[Top][All Lists]
[Date Prev][Date Next][Thread Prev][Thread Next][Date Index][Thread Index]
Re: Questions
From: |
Espen Skoglund |
Subject: |
Re: Questions |
Date: |
Mon, 27 Oct 2003 14:40:27 +0100 |
[Martin Schaffner]
> I have two questions:
> 1) Performance:
> In 06/04/2001, "sjames" wrote on slashdot
> (http://slashdot.org/comments.pl?sid=11531&cid=310196):
>> The biggest problem for microkernels is that they have to switch
>> contexts far more frequently than a monokernel (in general).
>>
>> For a simple example, a user app making a single system call. In a
>> monokernel, The call is made. The process transitions from the user
>> to the kernel ring (ring 3 to ring 0 for x86). The kernel copys any
>> data and parameters (other than what would fit into registers) from
>> userspace, handles the call, possably copies results back to
>> userspace, and transitions back to ring3 (returns).
>>
>> In a microkernel, the app makes a call, switch to ring 0, copy
>> data, change contexts, copy data to daemon, transition to ring3 in
>> server daemon's context, server daemon handles call, transitions to
>> ring 0, data copied to kernelspace, change contexts back to user
>> process, copy results into user space, transition back to ring3
>> (return).
>>
In short, the guy is saying that in a microkernel the single
user-to-kernel switch for syscalls is translated into an RPC from
user-task to kernel-task (I don't understand why everyone has to get
all tangled up in this ring-terminology). And yes, this will incur
some overhead. You should take the data copying part of his argument
with a grain of salt, though, since a) there might be no arguments
that need copying (e.g., they may reside in registers), and b)

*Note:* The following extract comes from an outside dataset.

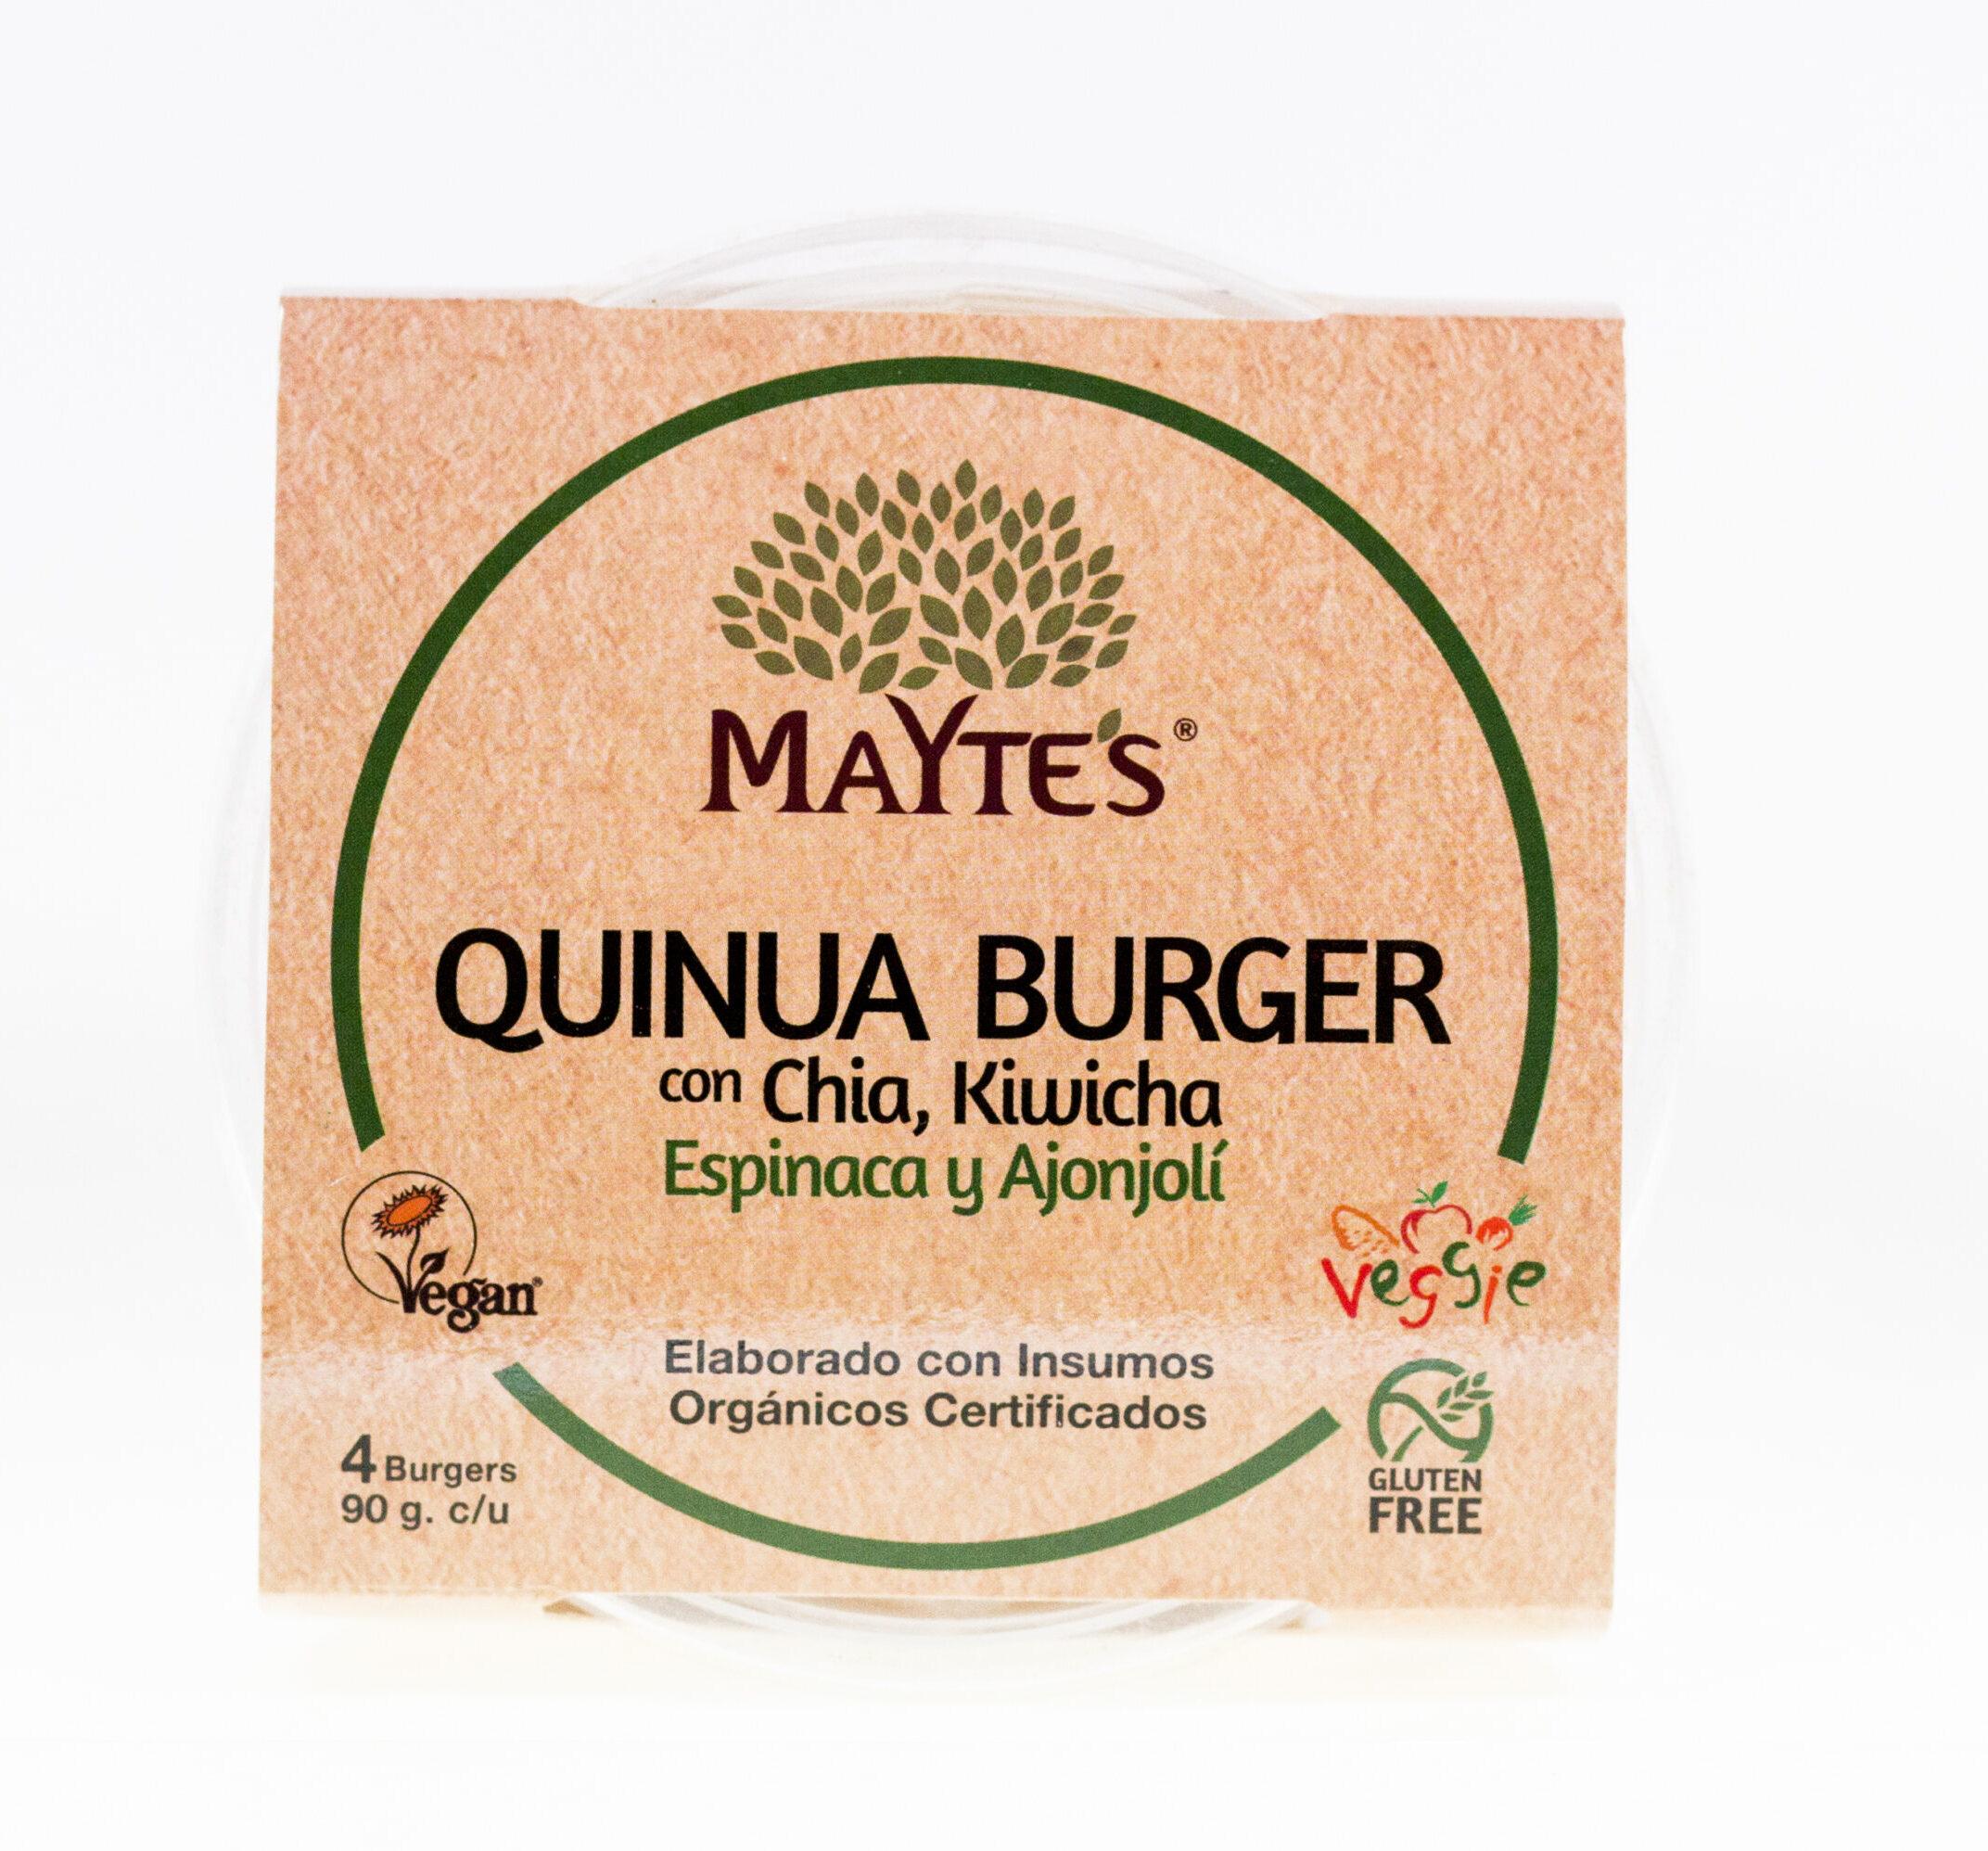 Quinua Burger con Chía, Kiwicha, Espinaca y Ajonjolí – Pack x4

arguments may be copied directly from user-task to kernel-task without
using a temporary kernel buffer.
> The app has previously aquired a capability for the file it wants to
> read, and allocated a buffer. When it calls "read", the glibc
> function makes an RPC directly to the filesystem translator (no
> going to ring 0, assuming the translator is owned by the same user
> as the calling process),
Will need to enter kernel-level unless translator is within same
address space as the application.
> which in turn RPCs the driver of the backing store (will probably
> reside in ring 0) for the data.
Except that the driver will probably *not* reside in kernel-land.
> Assuming zero-copy, there is a minimum of data copying, but there
> are still four context switches, which can't be done with super-fast
> IPCs, since they concern three different processes (app, translator,
> driver).
I'm by no means a hurd expert, but I suspect that the intermediate IPC
(i.e., the one to the translator) can probably be circumvented for
common case operations (i.e., read/write).
> Is it likely that l4/hurd will be slower than linux, for things like
> filesystem operations?
The major overhead of filesystem operations tend to be with the
hardware itself. The overhead of IPC will of course still be present.
However, considering a 1GHz processor, an IPC time of 200 cycles, and
a syscall every 1 microsecond, the pure overhead of the syscall RPC
will amount to 0.04%. Other factors, such as cache working sets and
TLB flush operations due to untagged TLBs will then have a higher
impact.
eSk